Within a few weeks Baylor had reduced the number of possible variants from 25000 down to about five possible de novo mutations, and with a bit more work, they found the de novo mutation that was afflicting Harrison.  The sequence showed that Harrison had a mutation in a gene called ASXL3. Because mutations in a related gene, ASXL1, were known to be responsible for a genetic syndrome called Bohring-Opitz Syndrome (BOS), we thought this might be the cause as Harrison had many of the same symptoms as children with BOS. As a scientist, however, I know you can’t say anything definitively when only one child has been sequenced. I’m thankful Dr. Matthew Bainbridge at Baylor didn’t stop there – he began contacting colleagues around the world, and we found that there were at least three other children with ASXL3 mutations and symptoms similar to Harrison.  

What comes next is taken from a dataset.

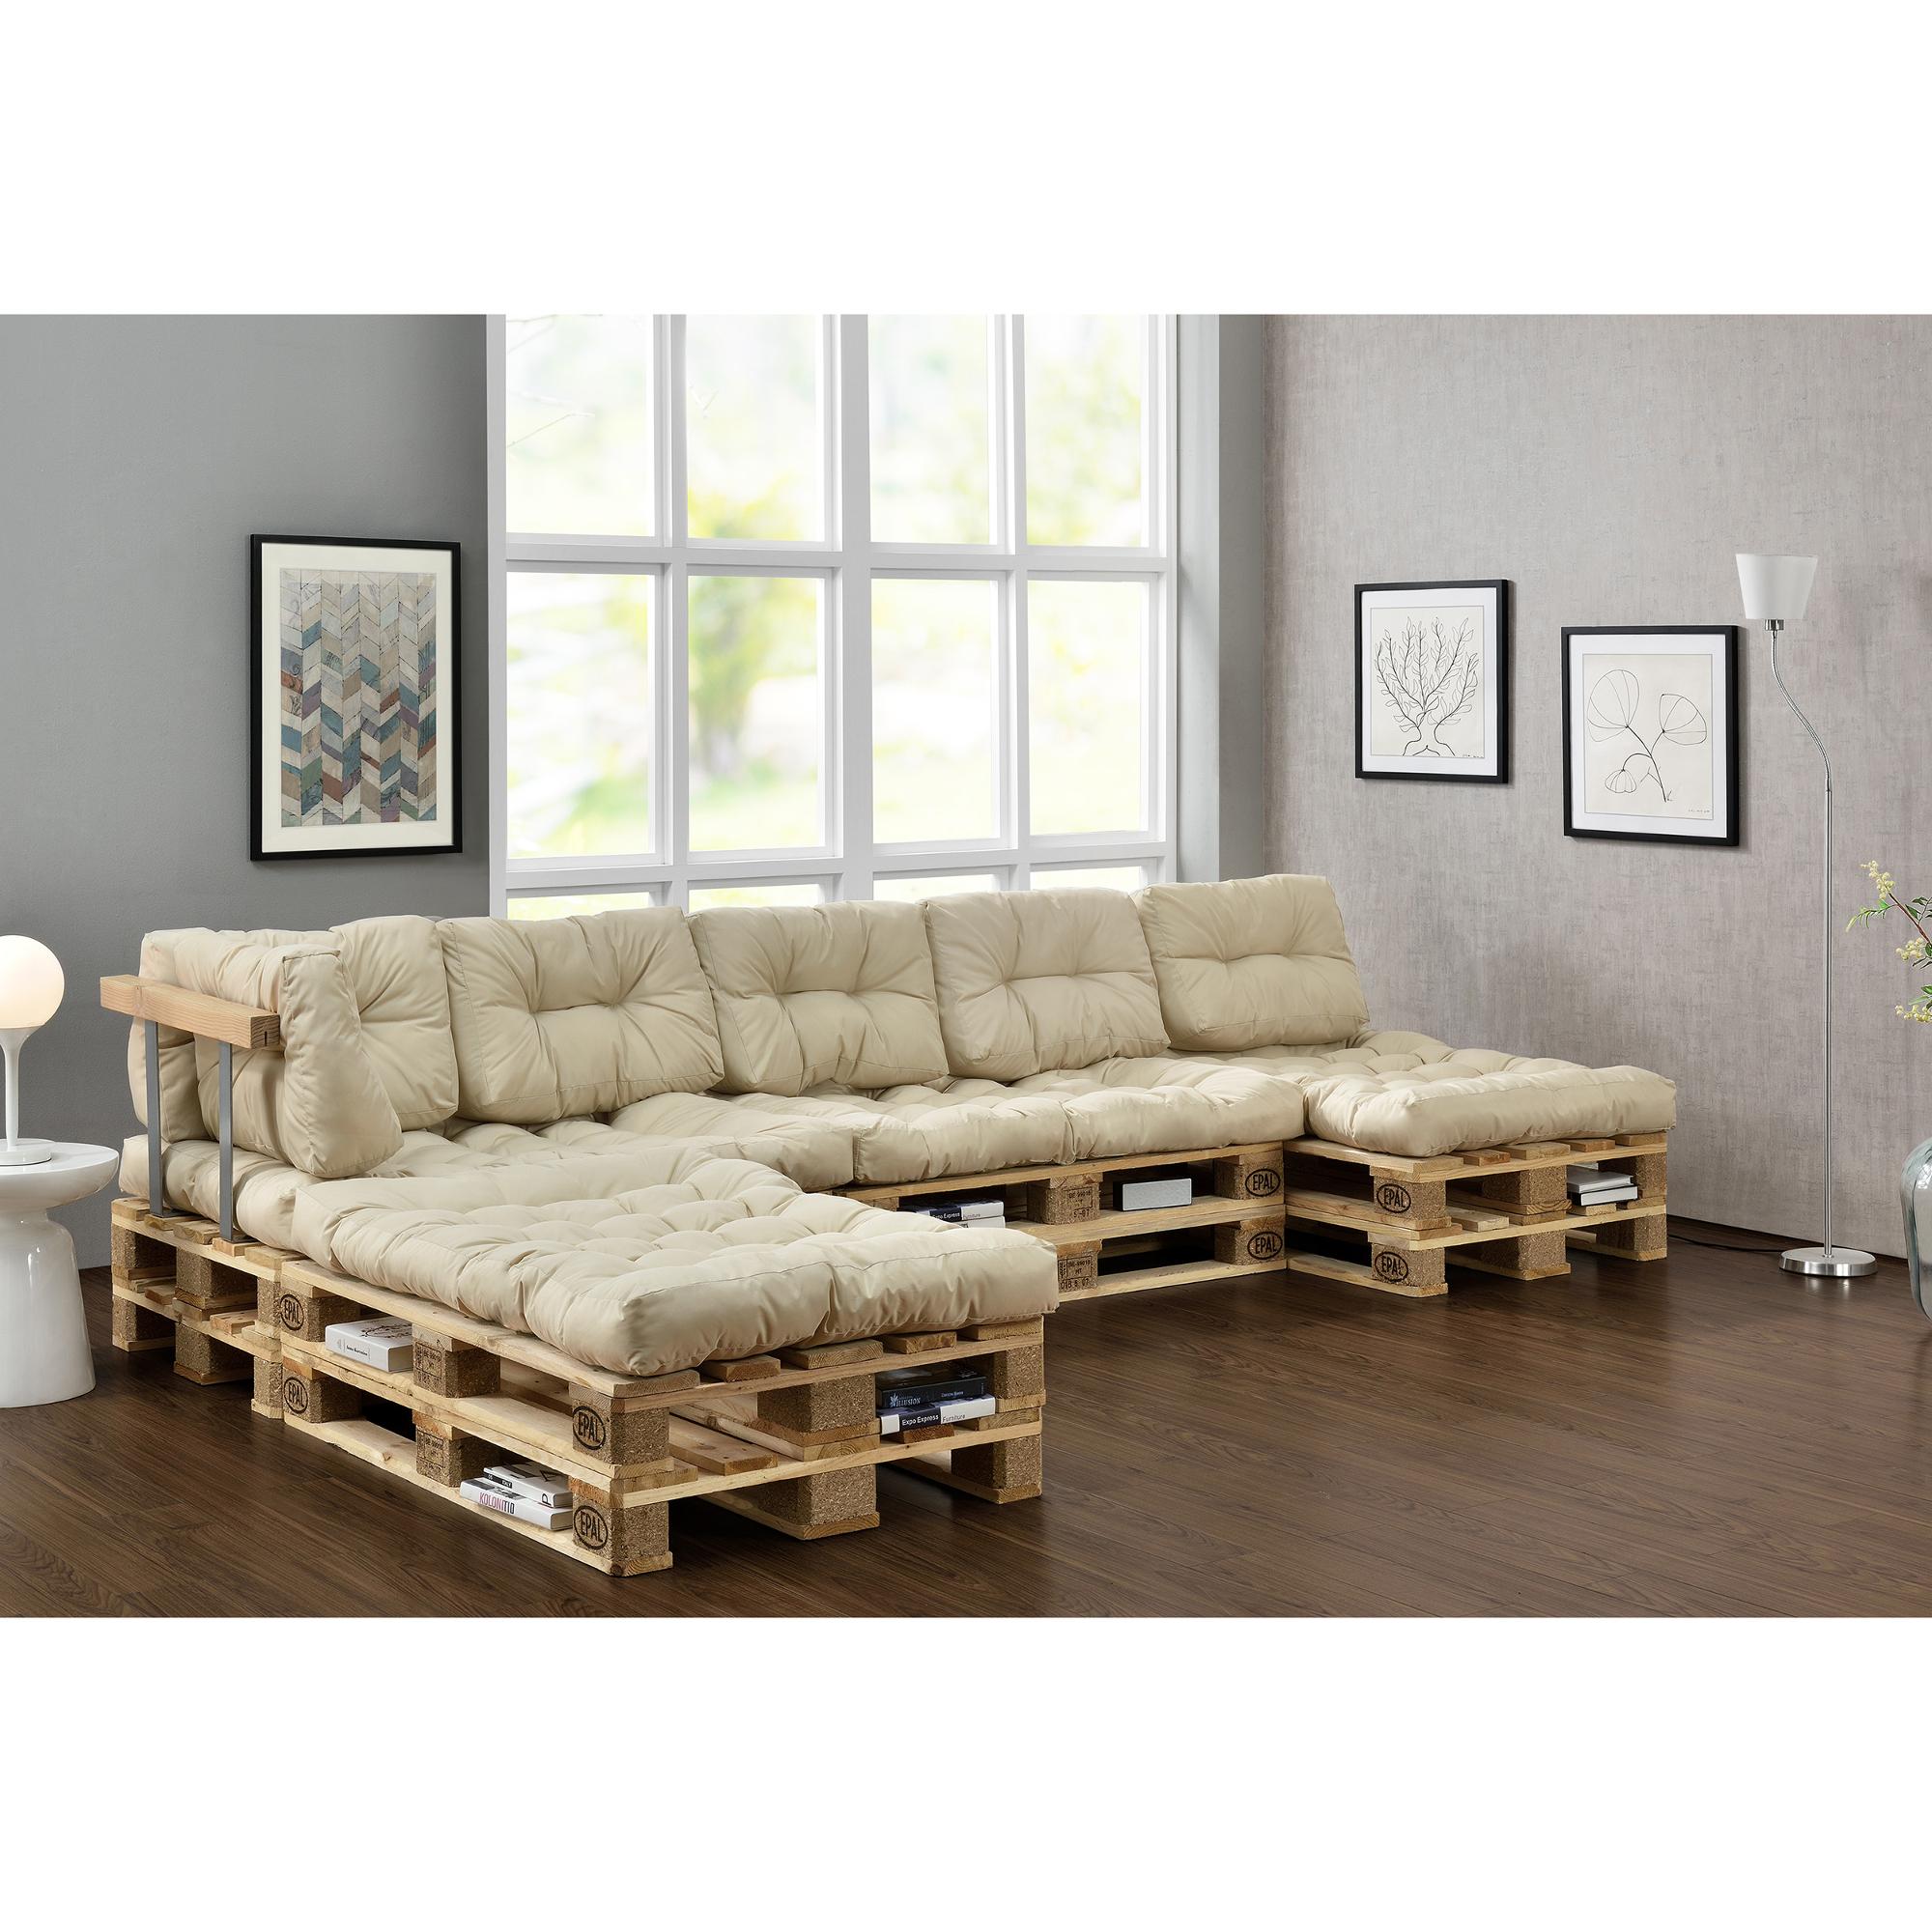 """Cuscini Beige Per Divano dettagli su [en.casa] """"divano palette euro"""" set beige adatto per dentro  cuscini imbottitura"""
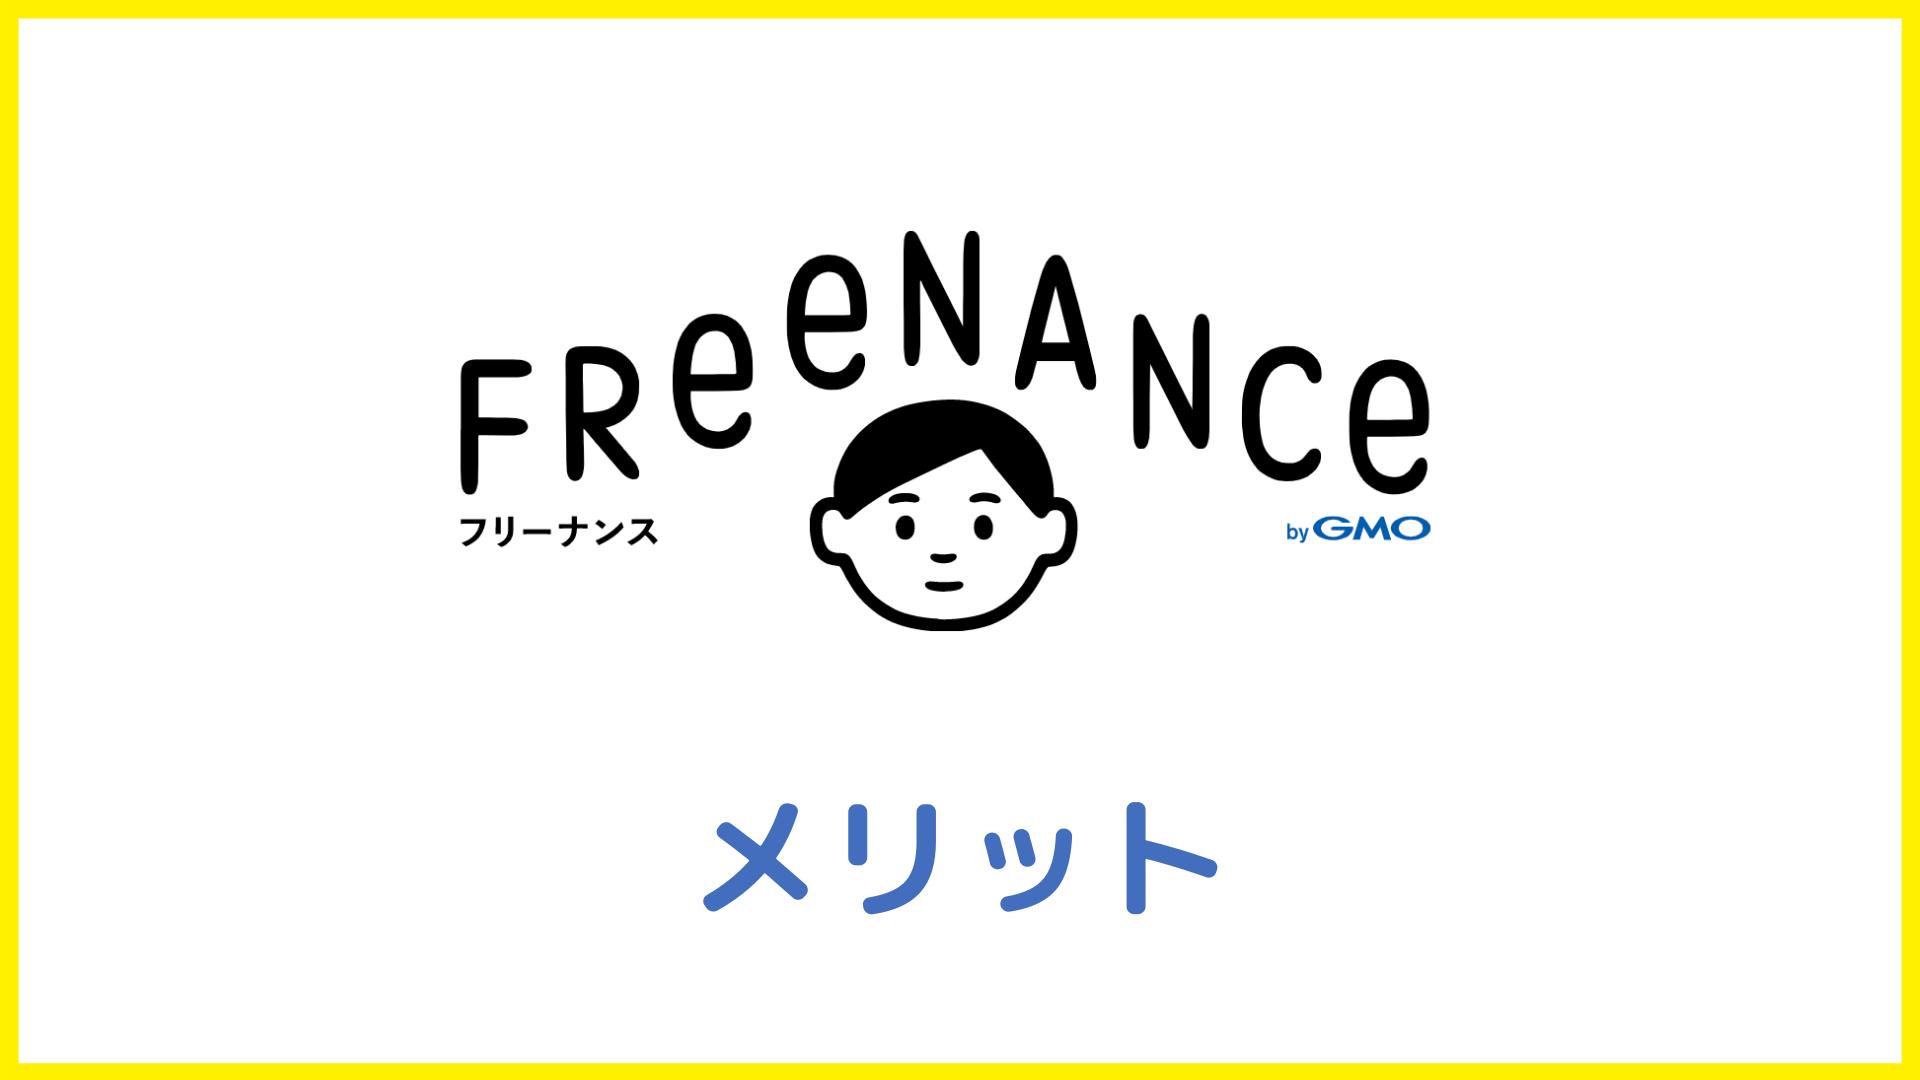 FREENANCE(フリーナンス)のメリット3つ

So now we know of a new rare disease, and eliminated another of those mysterious unknown genetic diseases.  Knowing the genetic cause, we can begin to find potential treatments as well as bring answers to other families. In our case, we learned of Harrison’s genetic cause a few weeks after he had entered hospice.  Even though we couldn’t do anything to treat Harrison, the knowledge in itself provided  some much needed comfort.  It is empowering to know that you have done everything you can to rescue your child and that sometimes Mother Nature just deals us a hand that we cannot win. If you know what is afflicting your child, you can then make more thoughtful decisions to improve their quality of life. 

Also, because the sequence revealed that Harrison’s mutation was spontaneous, it means that neither my wife, myself, nor our older sons are carriers. I was able to confidently tell my older sons that they are   not at risk for having a baby with the same type of disorder and that they actually had a higher chance of getting struck by lightening than having a child like Harrison. 

I think that on Rare Disease Day, it’s important to acknowledge the work that patient advocacy groups do in bringing together patients and their families, empowering many and providing them with a sense of connection and hope. It’s equally important to bear in mind how much more can and needs to be done.  Only 25% of genetic diseases are understood, so we have a lot more of work to eliminate these unkwnon disease, and Harrison was an example of doing just that. My family’s story illustrates the benefit of genetic sequencing to deliver answers where none exist, and it is our hope that this technology will become much more widely available in the near future. I would like to see the day when all babies will be sequenced at birth, and provide parents with access to valuable information that will help them obtain the best medical help possible for their children.  

We miss Harrison every day and we hope that his short life with us will in some way move the practice of medicine forward.  He was a very special baby and we’re so glad he was in our lives.